%%

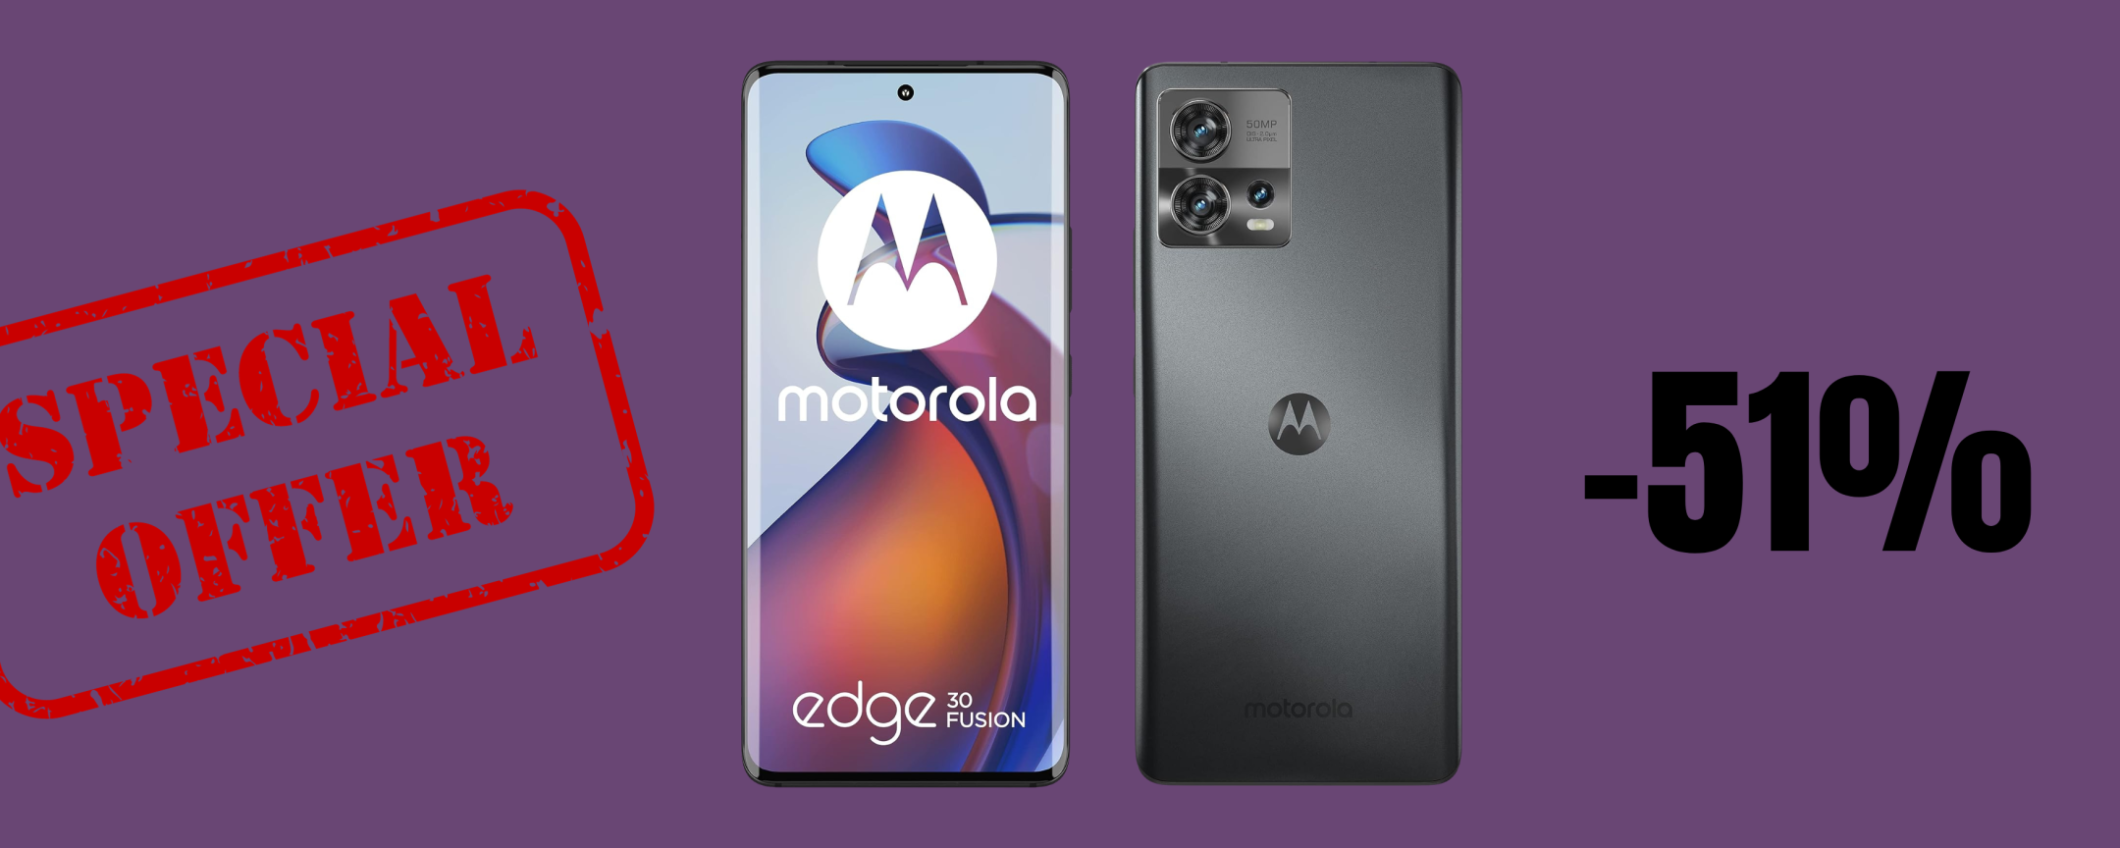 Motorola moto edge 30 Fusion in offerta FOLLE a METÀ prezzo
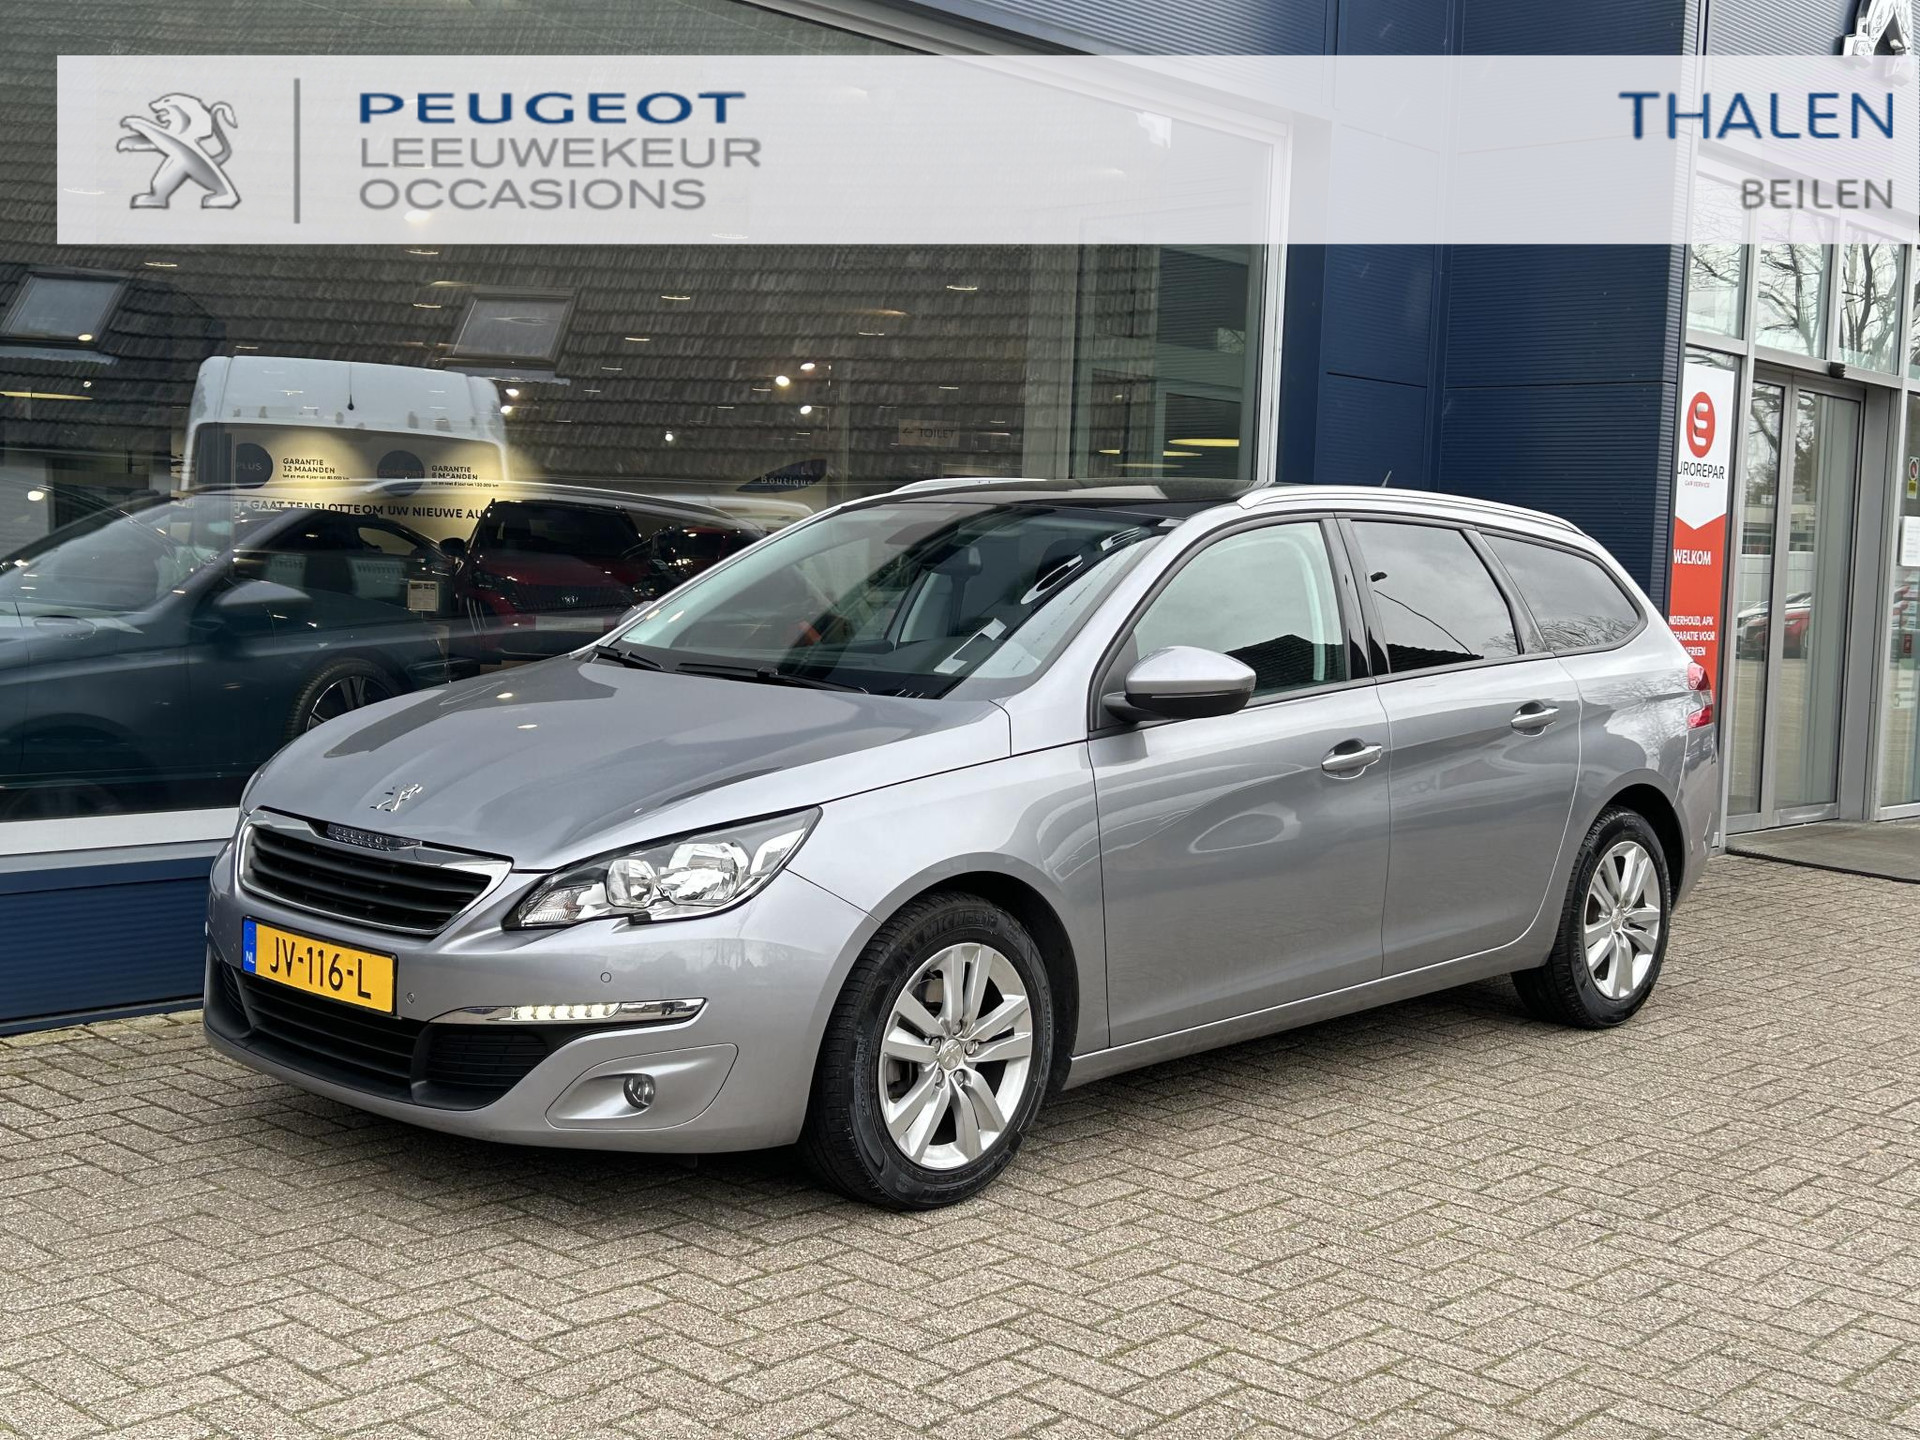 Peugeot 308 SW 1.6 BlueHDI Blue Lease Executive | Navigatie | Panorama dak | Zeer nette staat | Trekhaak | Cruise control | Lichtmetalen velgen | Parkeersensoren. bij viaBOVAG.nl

%%
%%

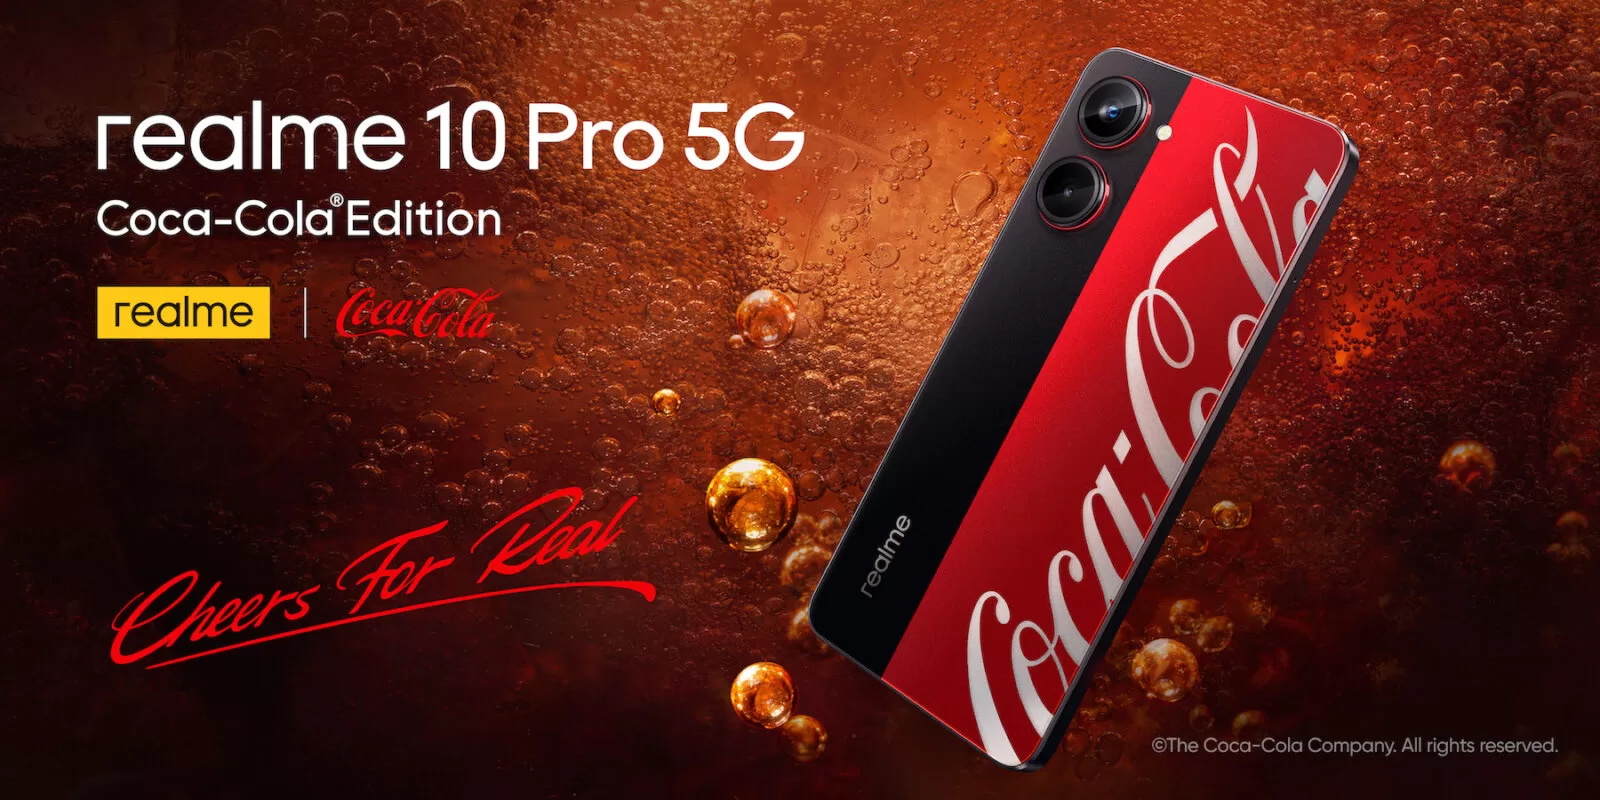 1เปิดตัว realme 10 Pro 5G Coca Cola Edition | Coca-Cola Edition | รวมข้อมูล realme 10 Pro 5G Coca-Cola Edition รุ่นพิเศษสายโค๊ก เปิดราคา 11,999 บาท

%%

- Work order -
From the records above, copy exactly the stretch from the line holding "Motorola moto edge" through the line holding "Peugeot 308 SW", both ends included, without the pictures.

- Result for this exercise -
 Motorola moto edge 30 Fusion in offerta FOLLE a METÀ prezzo
 Peugeot 308 SW 1.6 BlueHDI Blue Lease Executive | Navigatie | Panorama dak | Zeer nette staat | Trekhaak | Cruise control | Lichtmetalen velgen | Parkeersensoren. bij viaBOVAG.nl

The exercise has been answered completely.